Great question -
You raise many issues -
The first is the concept of "VBAC" or vaginal birth after C-section. While the debate has gone back and forth most obstetricians and nurse midwives would agree that patients who have delivered by c-section previously are much more likely to have a c-section again.
The reason this should be a consideration in your planning is that you correctly surmise that some distortion, change in shape or trauma to the labia can happen during childbirth.
However, it is important to recognize that over 75% of women getting a labiaplasty have it before they are done having children.
The decision is yours and your doctor's - you need to assess your concerns and the benefit you may have by pursuing the procedure now vs. the risk that you may need additional surgery after additional children (most practioners would ascribe a small risk to that possibility.)
I hope this helps.
If you have only notice the change in your labia since pregnancy and childbirth then I would suggest waiting.
Most patients who have a labioplasty procedure have not had children.

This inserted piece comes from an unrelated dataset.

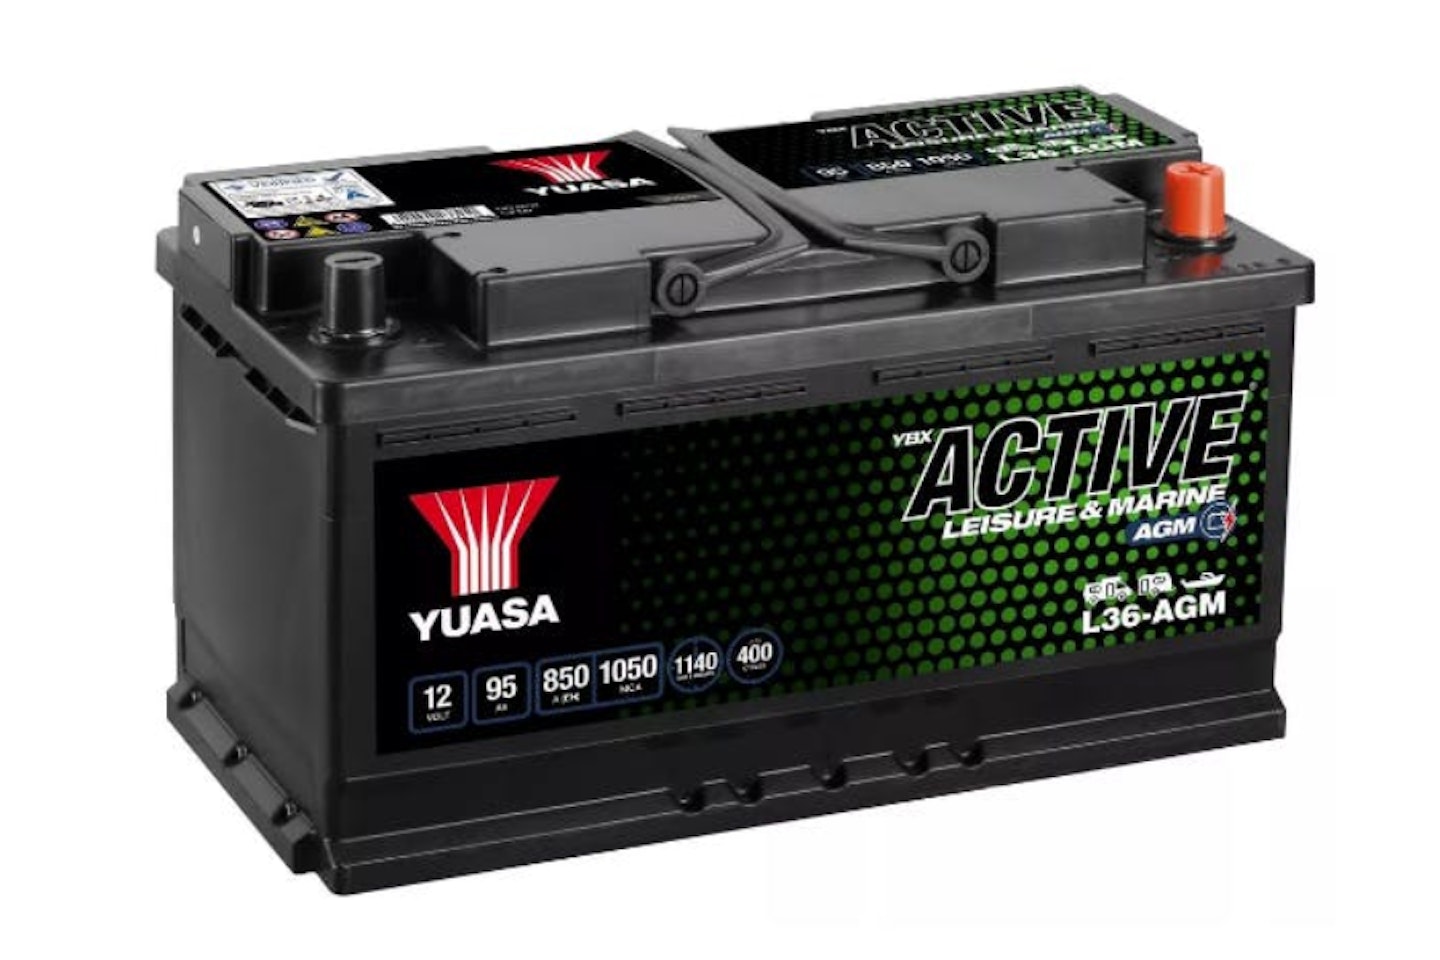 Yuasa L36-AGM 95Ah Active Leisure Battery

It is possible that blood engorgement in the area during pregnancy has caused the changes you are noticing and for that reason best to wait until you have your second child.
There is no definitive answer to your question, but here are various thoughts/facts that may have an impact on your decsion:
- In a recent survey, about 2/3 of the patients undergoing labiaplasty had not yet had children.
- To some degree, it depends on the amount of discomfort you are experiencing and the timing of planning your next child.
- Labiaplasty does not ensure that your pain will be relieved but only that the labia will be reduced.
- Also take into consideration, that in the same survey above, we discovered that although we advised paitents to refrain from intercourse for 6 weeks after the procedure, most of our patients did not feel comfortable until 8 weeks.
- Traumatic vaginal deliveries may result in labial injury, and I have had occasion to repair this on several occasions. This may mean that if you deliver vaginally (VBAC) you could sustain additional injuries to the labial reduction.
From your description, I don't quite understand how the pregnancy caused problems with the vagina. There are several potential explanations, such as uterine prolapse. I would seek the advice of your gynecologist regarding the change in your sex life. In this case, I would not advise vaginoplasty until completion of child birth. On the other hand, preganancy may contribute to enlargement of the labia; if this is the cause of your discomfort, perhaps you will experience relief from labiaplasty.
I hope this helps!
I do not see an advantage to waiting until after further childbirth for your labiaplasty, especially since you had a c-section performed and will most likely have the same done with future children. Good luck!
Generally speaking, I advise patients to wait until after having children before having labiaplasty. This is because pregnancy and childbirth can cause changes to your genital area which may reverse the effects of your labiaplasty, if it were to be performed beforehand. However, because you mention that you delivered by c-section, then it may not be an issue for you.
Timing of labiaplasty - before or after children?
There is no good reason to wait until after having children. Having children/vaginal delivery will not damage the results of your labiaplasty, there is no deleterious effect.
Although you could go ahead with the labiaplasty now, I personally encourage labiaplasty patients to wait until they do not plan to have more children. Often women will be encouraged to go through with a vaginal birth if they have already had a C-section. In this case, stretching of the labia is highly likely. I’d suggest waiting and having one procedure once you’re finished having kids..
Labiaplasty can be performed at anytime and does not need to be timed with childbirth. Since you are having discomfort due to your enlarged labia, you should consider having the procedure soon.
When to have a Labiaplasty
When to have a labiaplasty is when you first notice that there is a problem. The operation is very simple and consist of trimming off the elongated portion of the labia. The operation takes less than 15 minutes and heals in about three weeks. Labiaplasty is performed under local or I.V. sedation. Cost is about $2500.
Your answer regarding when to have labia reduction is the same as so many issues we treat in Plastic Surgery. The time to have your treatment is when you are aware that your displeasure is constant and persistant. There is no medical reason to wait until after childbearing years, especially when you have already had a C section.